Now, if you uncomment the $display tasks in src/riscv_tb.v as shown below, the test script will print out the CORE_CYCLE statistics.

  $display($time, " HARDWARE COUNTERS");
  $display($time, " CORE_CYCLE: %d", my_cpu.CORE_CYCLE);
  /*
  $display($time, " NUM_COND_BRANCHES: %d", my_cpu.NUM_COND_BRANCHES);
  $display($time, " NUM_UNCOND_BRANCHES: %d", my_cpu.NUM_UNCOND_BRANCHES);

  $display($time, " BP_CORRECT: %d", my_cpu.BP_CORRECT);
  $display($time, " BP_INCORRECT: %d", my_cpu.NUM_COND_BRANCHES - my_cpu.BP_CORRECT);
  */

After Part II, your baseline CPU needs to run all the workloads in the benchmark and report the performance numbers when running test.py.

You may want to checkpoint the baseline version for the performance comparison later.

Part III: Add Branch Hardware to CPU

Now, you will need to implement the branch hardware in your CPU design.

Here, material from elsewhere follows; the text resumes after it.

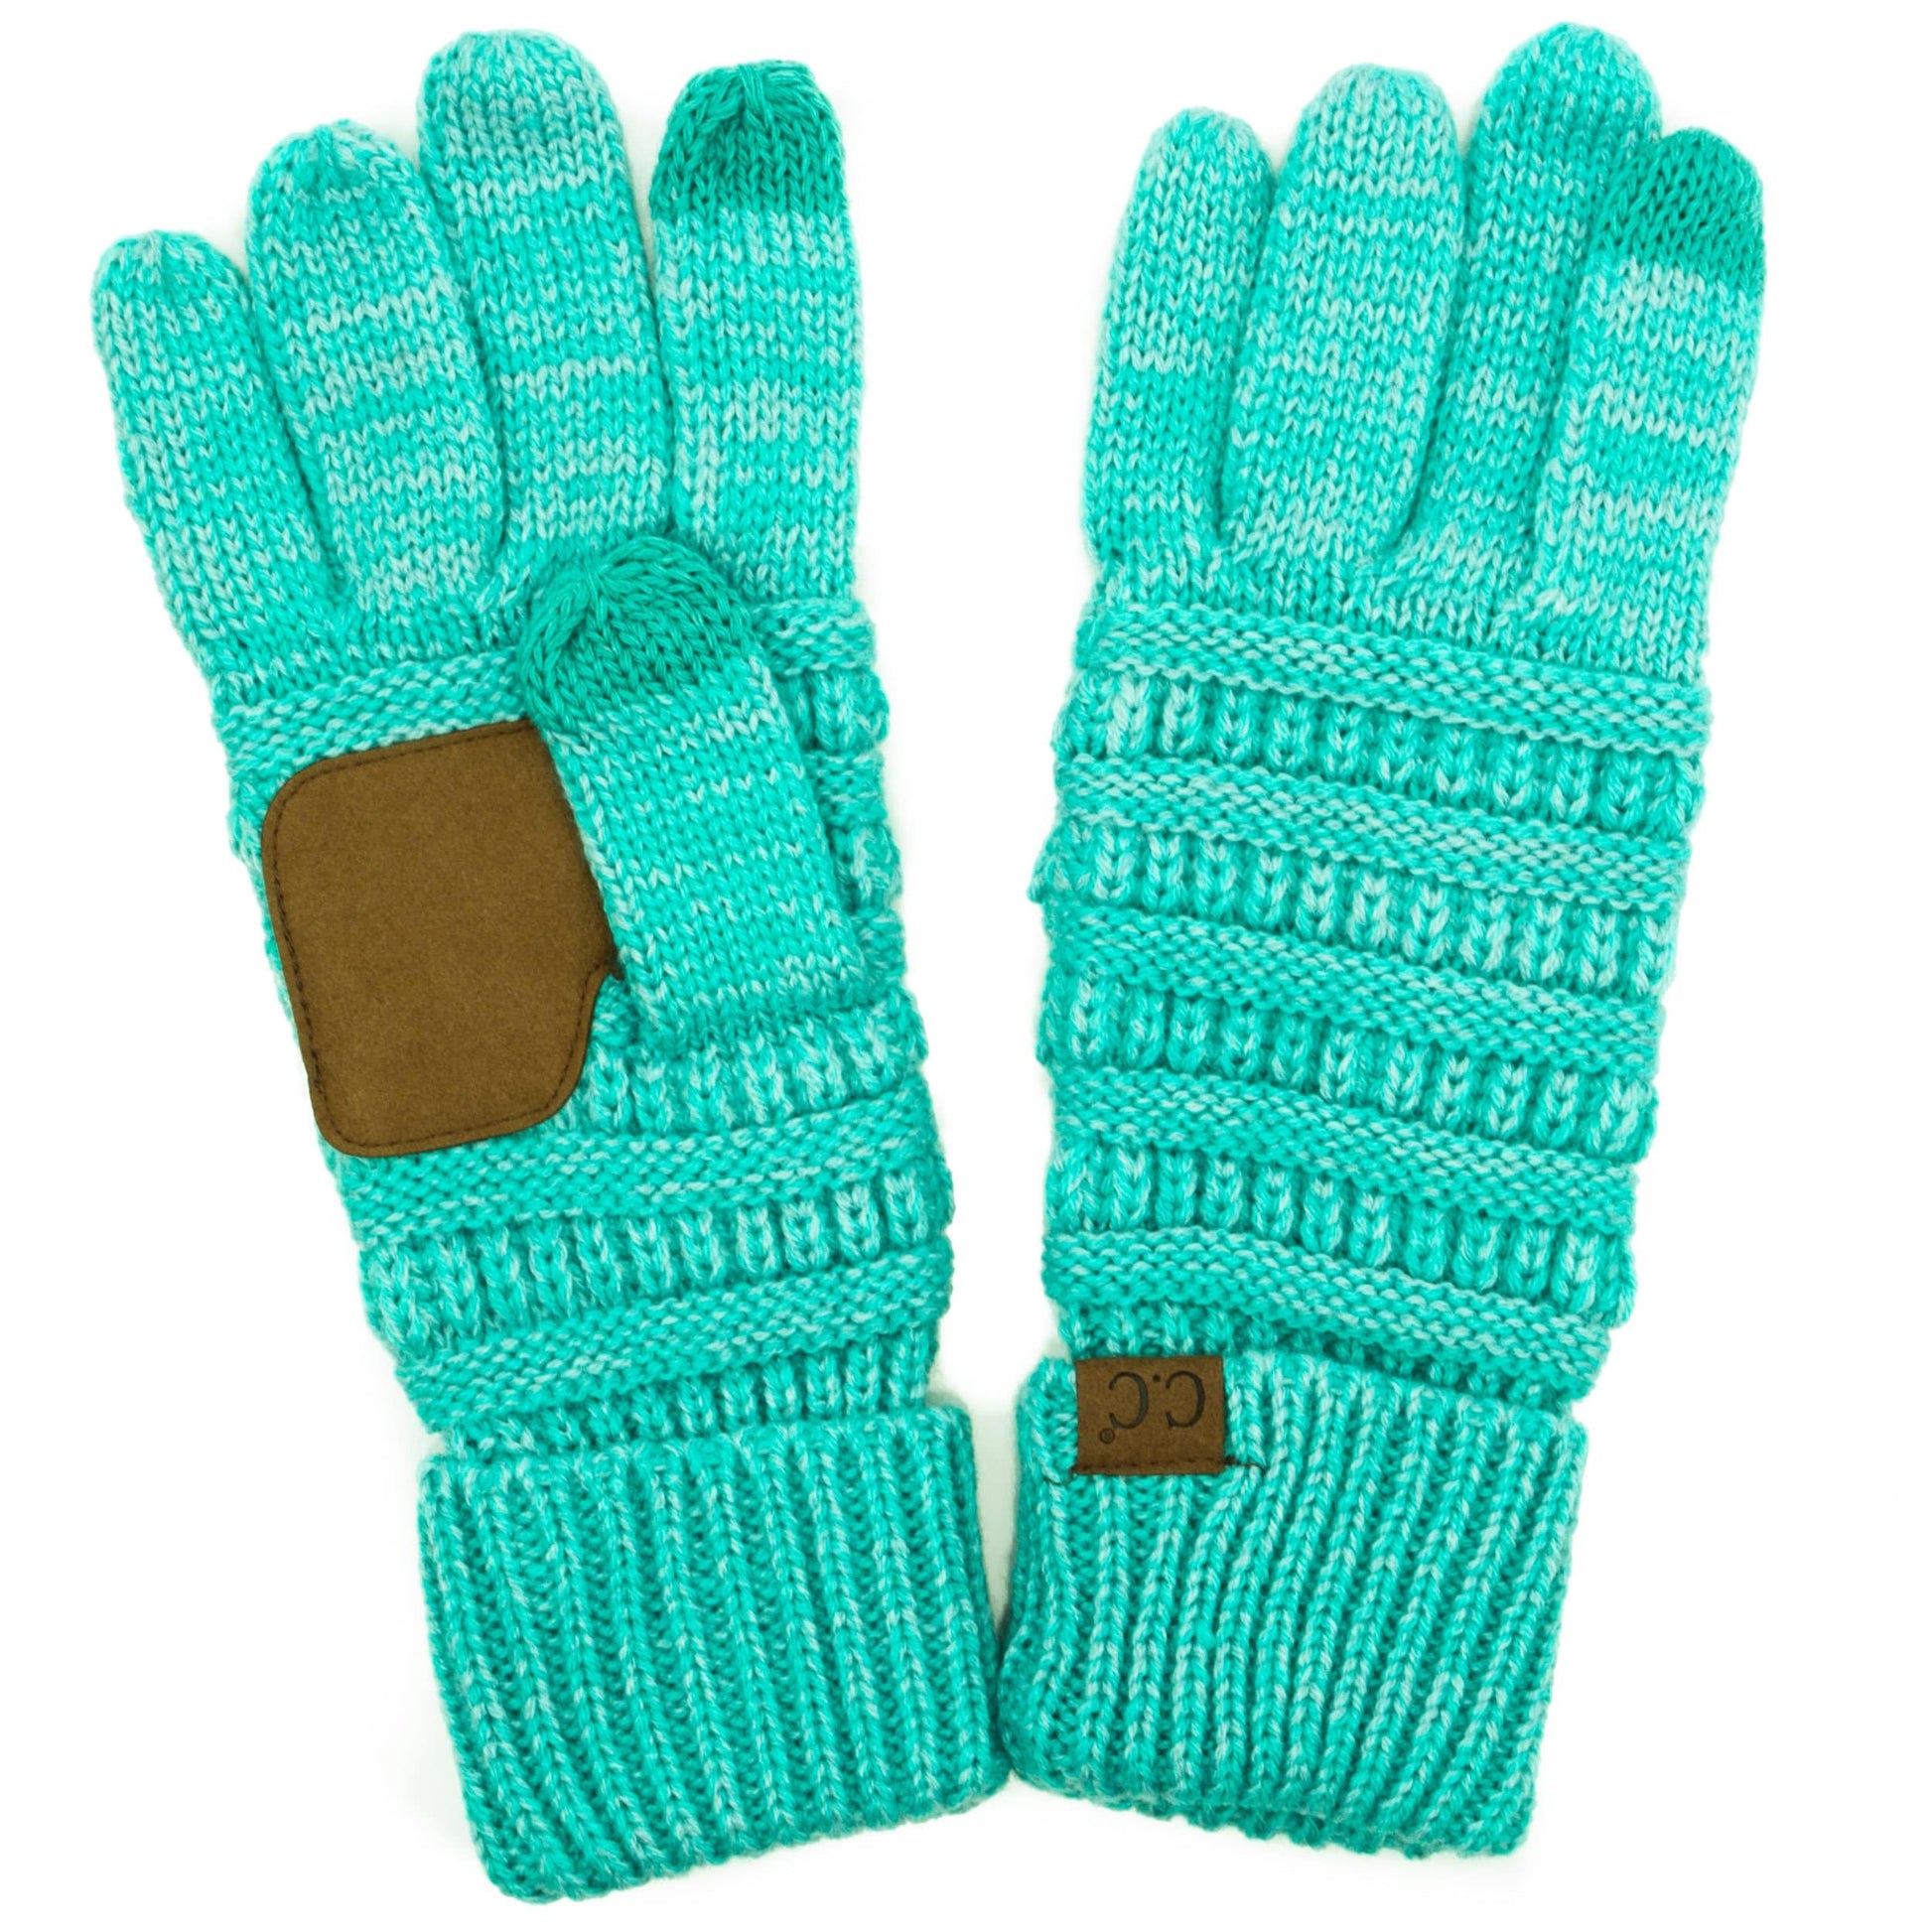 C.C Apparel Two Tone Aqua C.C Unisex Cable Knit Winter Warm Anti-Slip Two-Toned Touchscreen Texting Gloves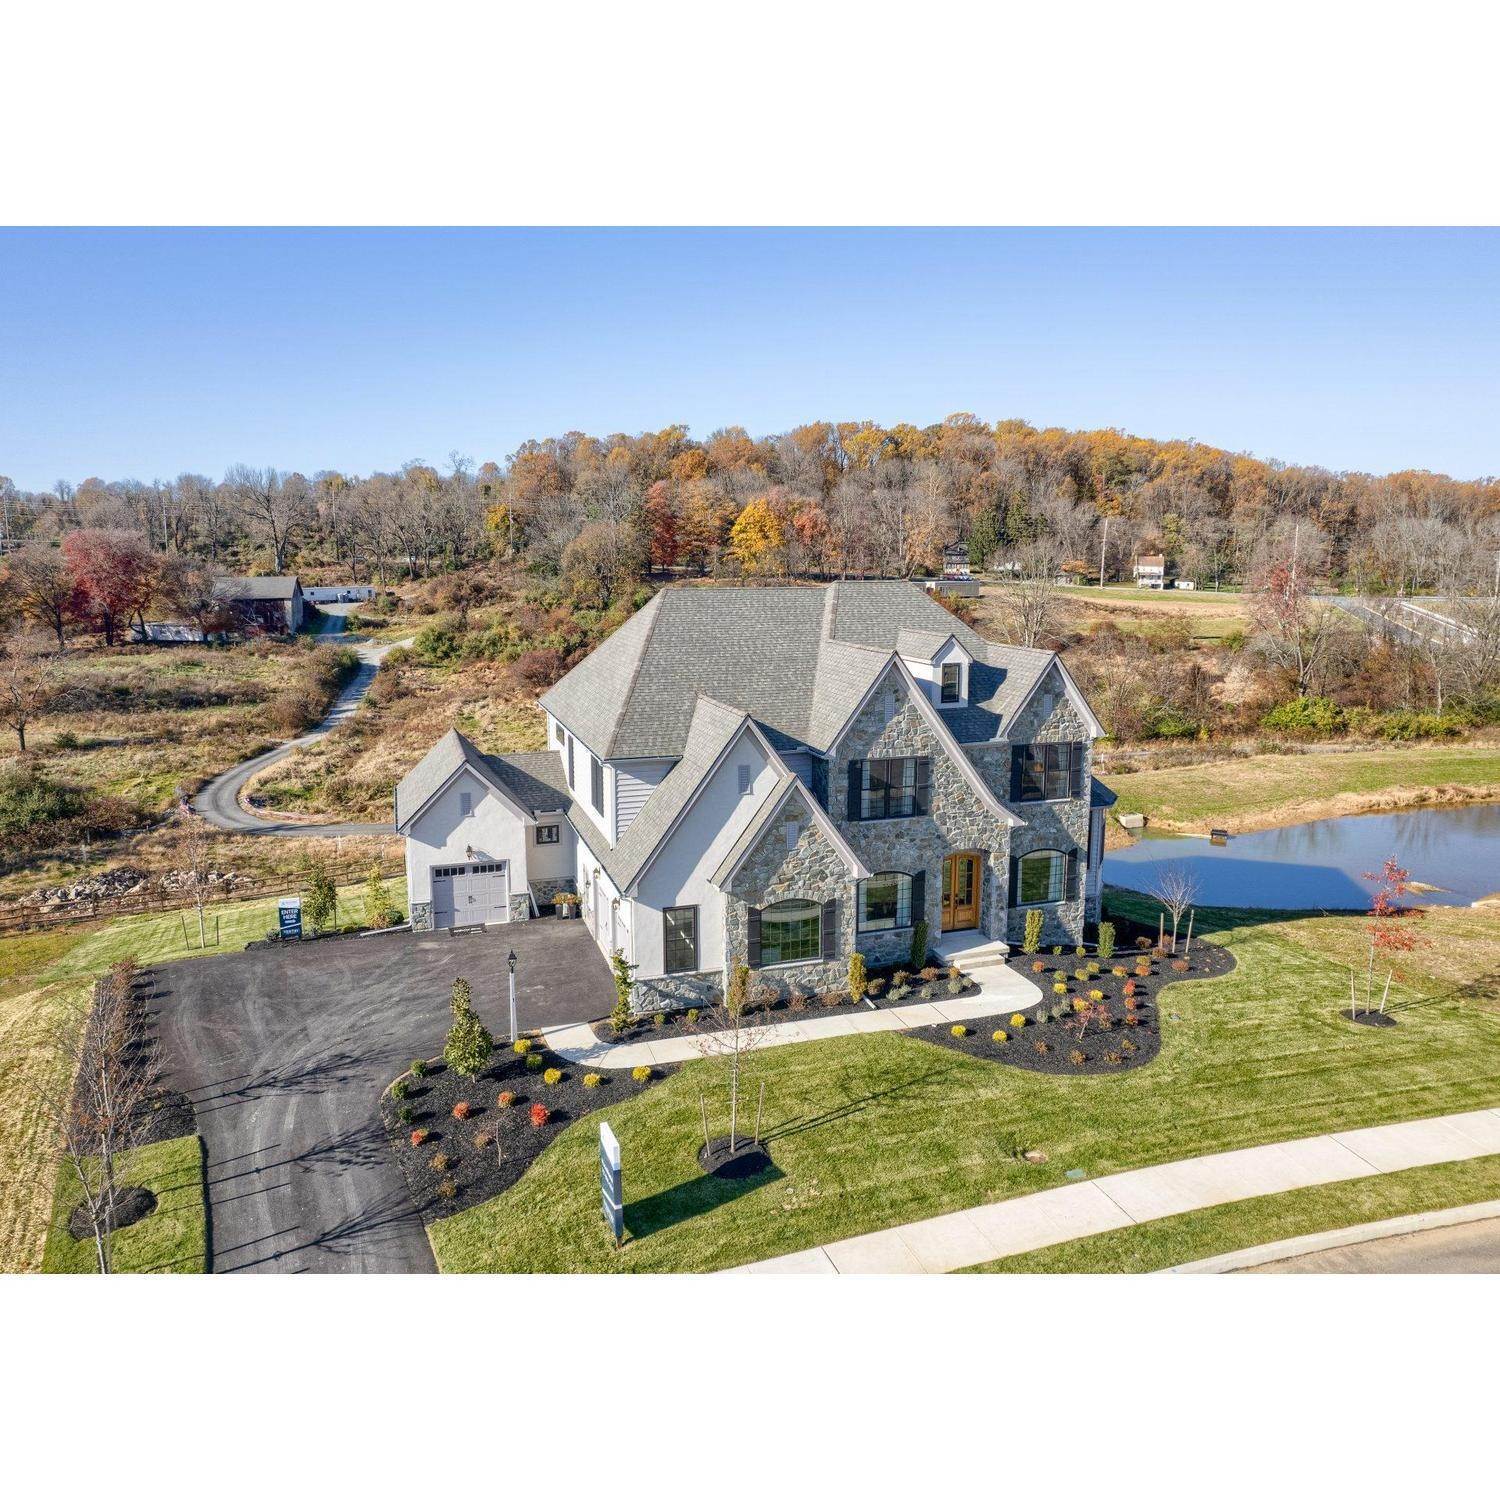 39. 101 Parkview Way, Newtown Square, PA 19073에 Ventry at Edgmont Preserve 건물

In this lab, we will implement the Gshare branch predictor and a (direct-mapped cache style) branch target buffer (BTB).

You will need to modify the following files to add branch hardware to your CPU.

- module/branch/branch_hardware.v
- module/branch/branch_target_buffer.v
- module/branch/gshare.v
- and others...

Branch Hardware

The branch hardware needs to be accessed in the instruction fetch (IF) stage when the instruction is a conditional branch or a (direct/indirect) jump. To do so, you simply need to peek at the opcode of the instruction in the IF stage (sort of pre-decoding). Then, you need to access the branch predictor and the BTB.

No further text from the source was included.